Well the lesson is, you can change people’s minds. How do you get people to consider alternatives they haven’t considered? I think the short answer is, they have to see the future that they can’t imagine. Take General Motors’ exhibit at the World’s Fair in 1939 and 1940. A lot of people saw that — millions. Millions of people saw the city of 1960 as General Motors envisioned it. The city they saw was a very vivid vision of the future. It was also a utopian fantasy. Because they were seeing a city where you could drive anywhere, anytime, without delay. You didn’t have to park. It was a very seductive fantasy of the future, and it showed multi-lane superhighways cutting right through the middle of cities. It didn’t show any of the destruction involved in that, or the fact that most downtowns in most cities converted to surface parking lots and parking garages by the 1960s.
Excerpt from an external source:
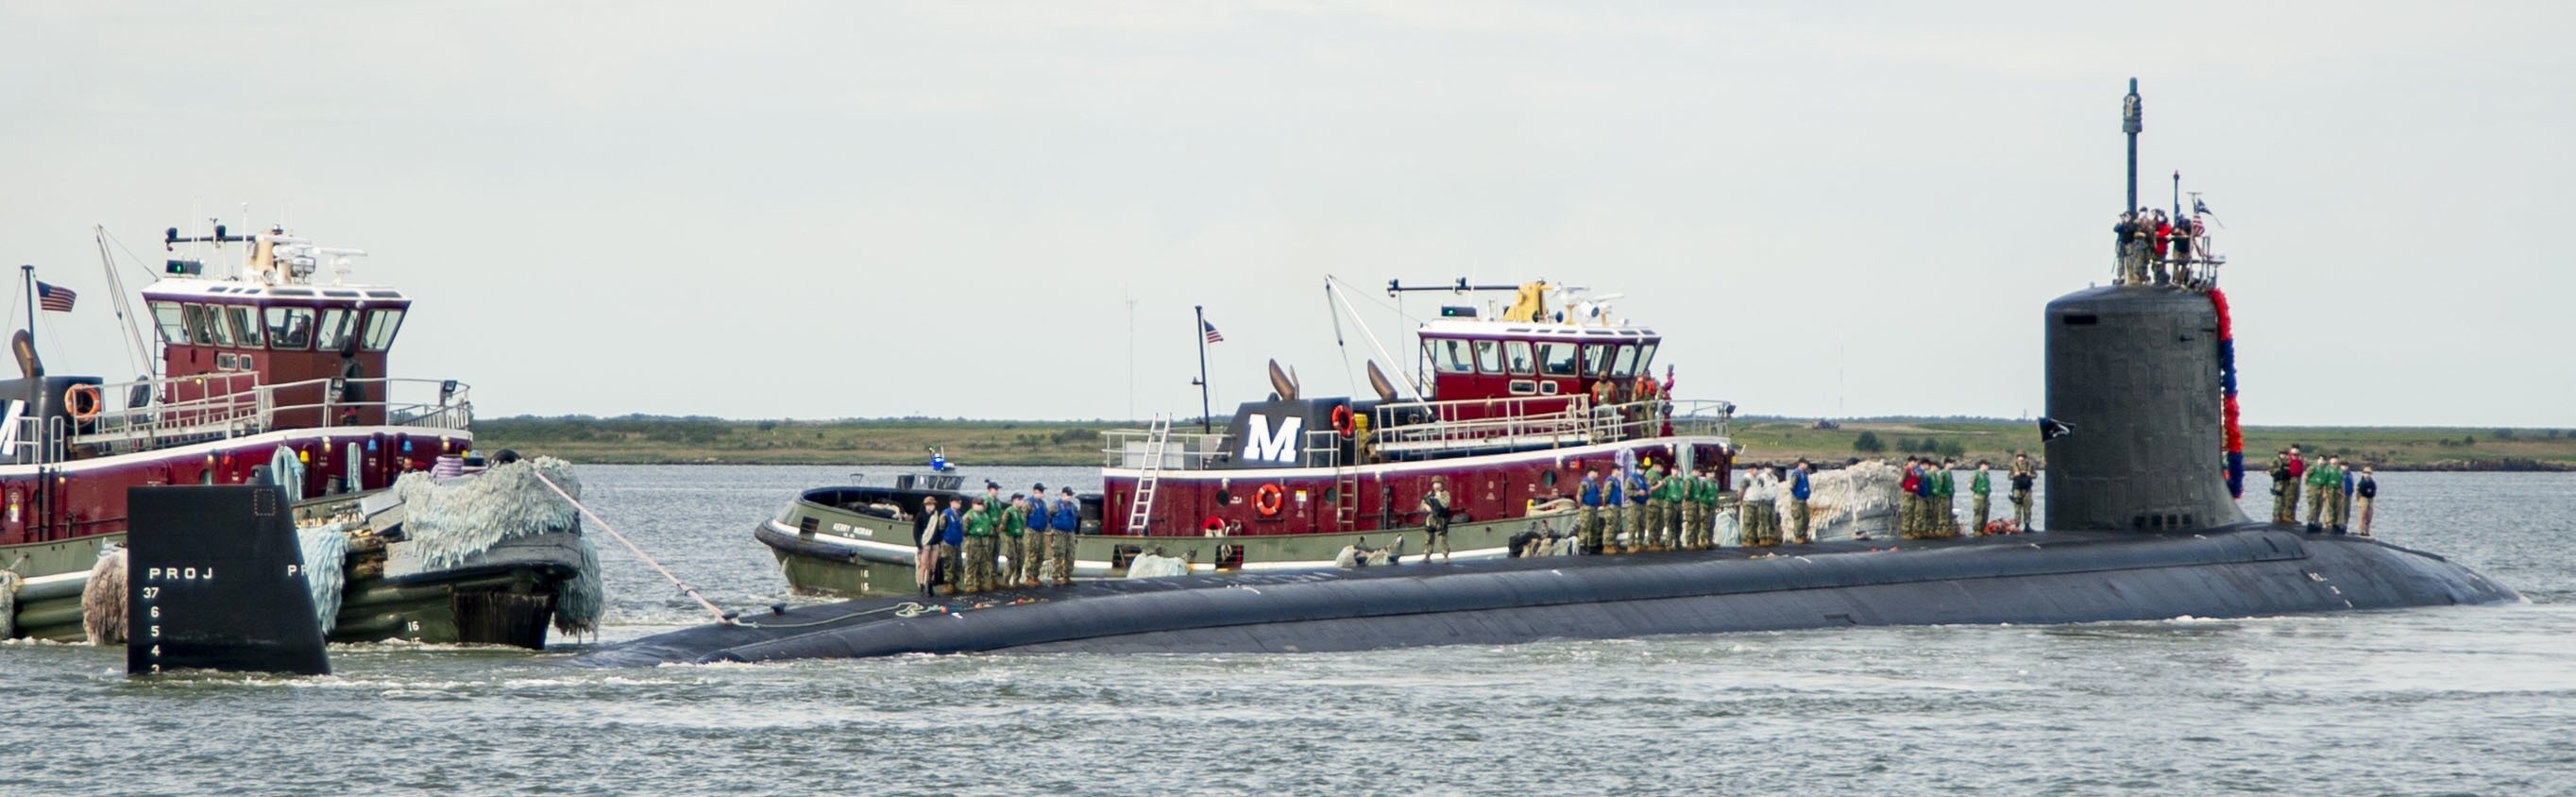 ssn-778 uss new hampshire virginia class attack submarine us navy 37 norfolk virginia

So that strategy is certainly within the capacity of people like those in Denver, like Streetsblog, like Streetfilms. All kinds of organizations are taking advantage of the fact that you can depict things now, through the web, quite cheaply.
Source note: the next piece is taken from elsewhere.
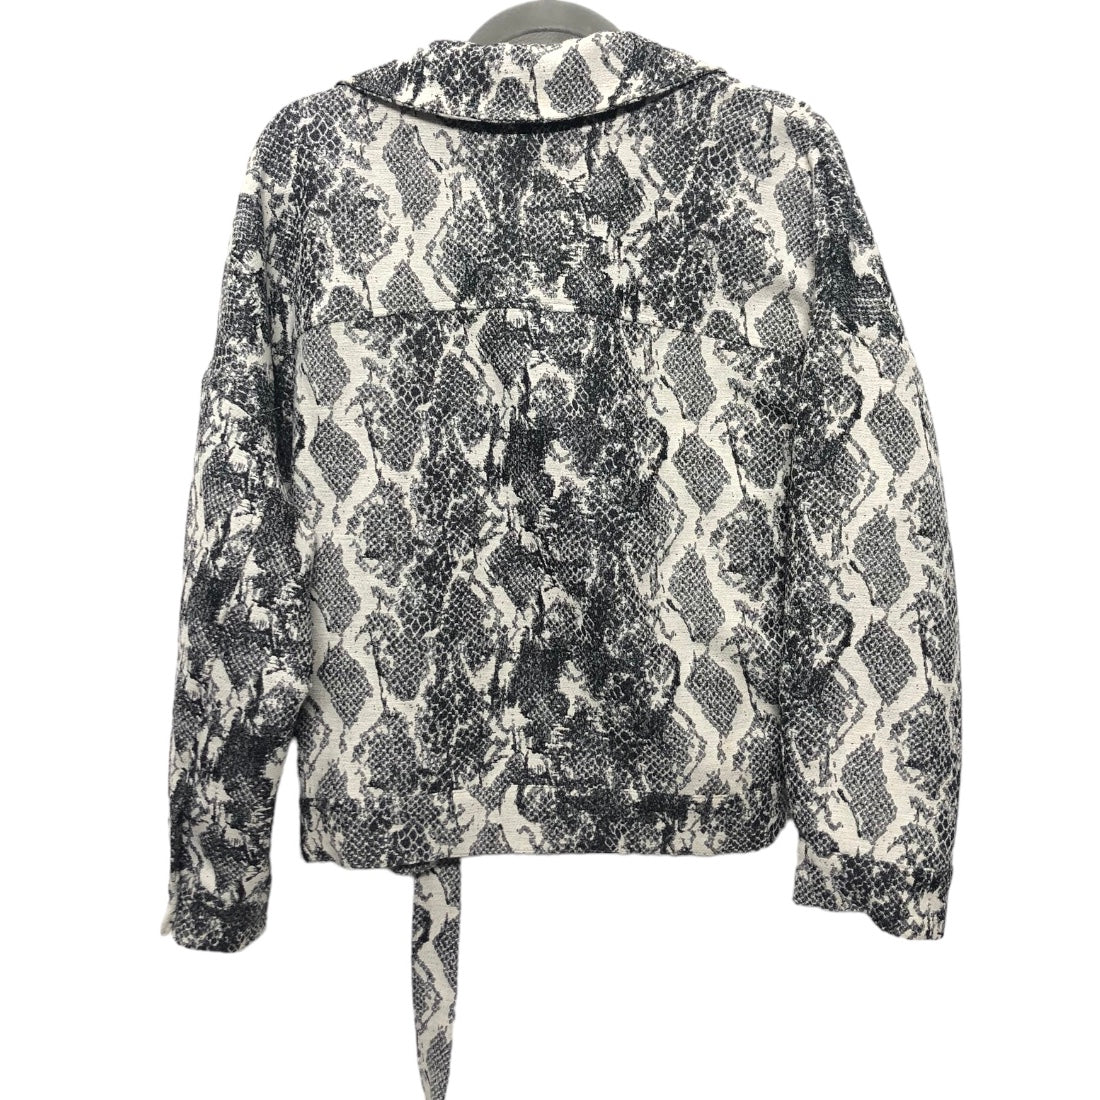 Snakeskin Print Jacket Other Zara Basic, Size M

Automated vehicles seem to dominate conversations about the future of transportation, despite the existence of simpler, proven solutions like transit. Are we depending too much on this idea that unproven technology and apps will solve everything wrong with transportation?

There are 100 autonomous vehicle futures. And a lot of people talking about autonomous vehicle futures are skipping that fact and talking about a given future without looking at all the alternatives. Is it going to be a shared autonomous vehicle future? There are people who desperately, desperately do not want the autonomous vehicle future to be a future of shared vehicles — and those are the people who sell cars.
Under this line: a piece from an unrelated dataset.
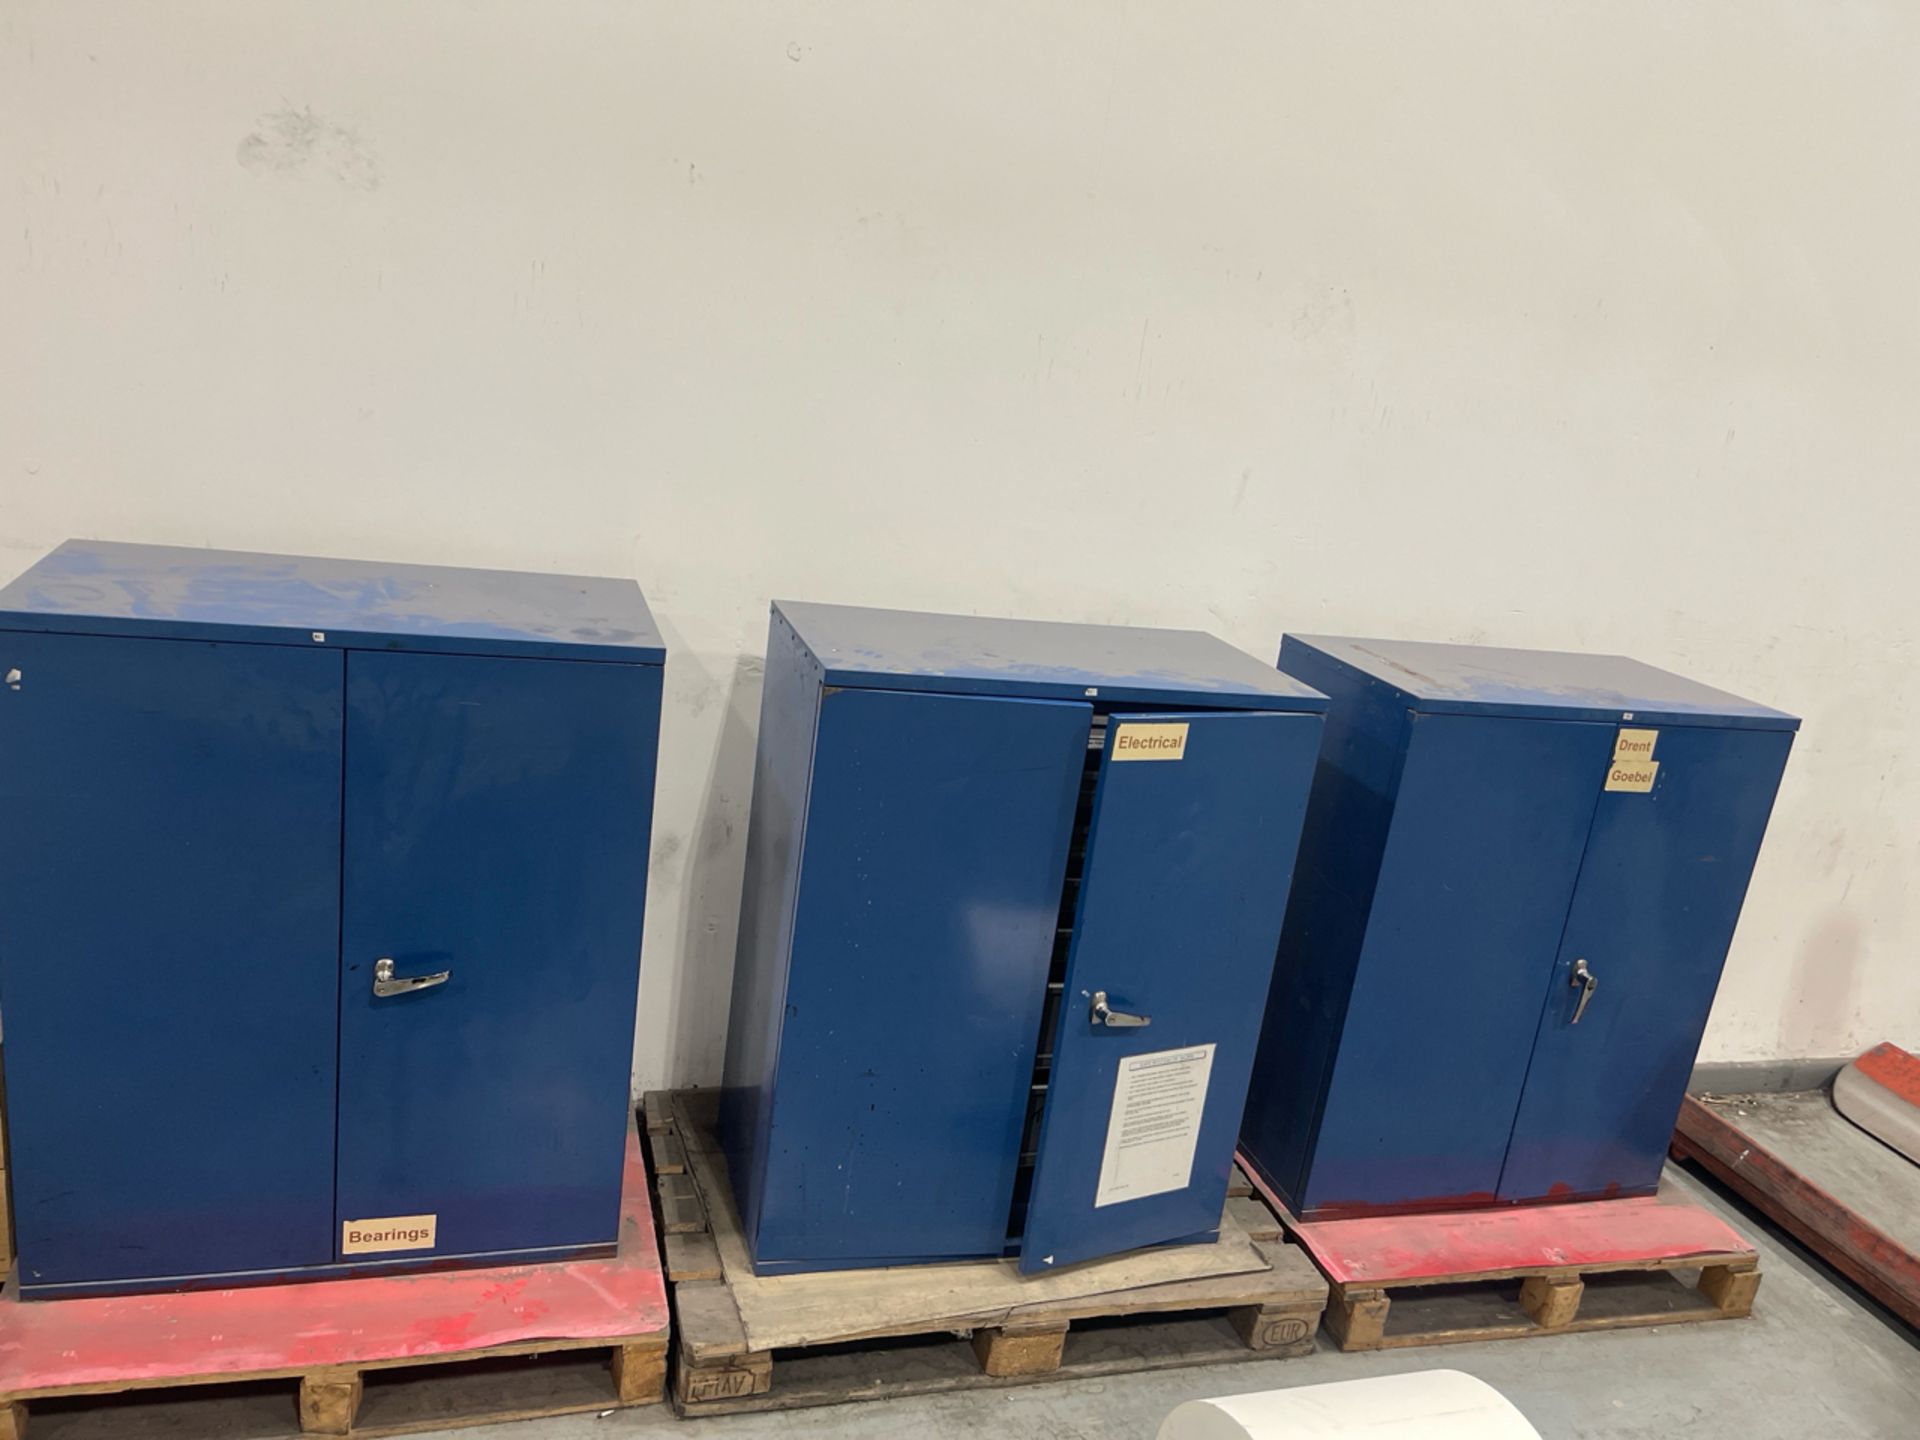 3 x Metal Storage Cabinets

KPMG published this report that said, ‘Hang on, Detroit. If you play your cards right, there’s actually going to be a future of privately owned vehicles.’ People will be driving them much more and wearing them out. They even say in this report that the average occupancy will drop below one person per car — because the car will drop you off at work and drive somewhere else — and that’s a fantasy for the automobile industry.

How can we combat that future?

This Denver event is a time when the other side is getting its act together. The autonomous vehicle isn’t “giving” us any one thing — we have to take what we want from it. I’d like to see more visuals where people are in their cars eating and drinking and watching movies in their cars as they make a 180-mile one-way commute to work in an America of almost continuous quasi-urban growth. Maybe a future where people send their kids off to play with their friends, picked up at their own door and dropped right off at their friend’s door. No more walking.

Or, next to that, a future where people are walking and cycling and when they need a car it’s there to pick them up and connect them to transit — so transit is actually enhanced, not diminished. A vivid picture of an alternative future might be a really helpful step in an alternative direction.

Ride-hailing companies like Uber and Lyft aren’t going anywhere, so how can we make sure they’re an asset in the future and not a competitor to transit, walking, and biking? 

I’m actually quite comfortable with making them allies in a common cause. I’m willing to say to the Lyfts and Ubers, we may not agree on everything about what the future should look like, but I think we can all agree that the sharing component should grow. To the extent that we continue to drive, the more of that driving that’s shared-vehicle driving, the better. I think they would see that it’s very much in their interest to be in common cause with walkability, livability, bikeability and against the car industry’s idea of the future. They’re gonna want, for their own sake, to make their business model a sustainable mode. As a practical matter I’m happy to check them out to see if we have enough in common to work together for a future that isn’t dependent on privately owned cars.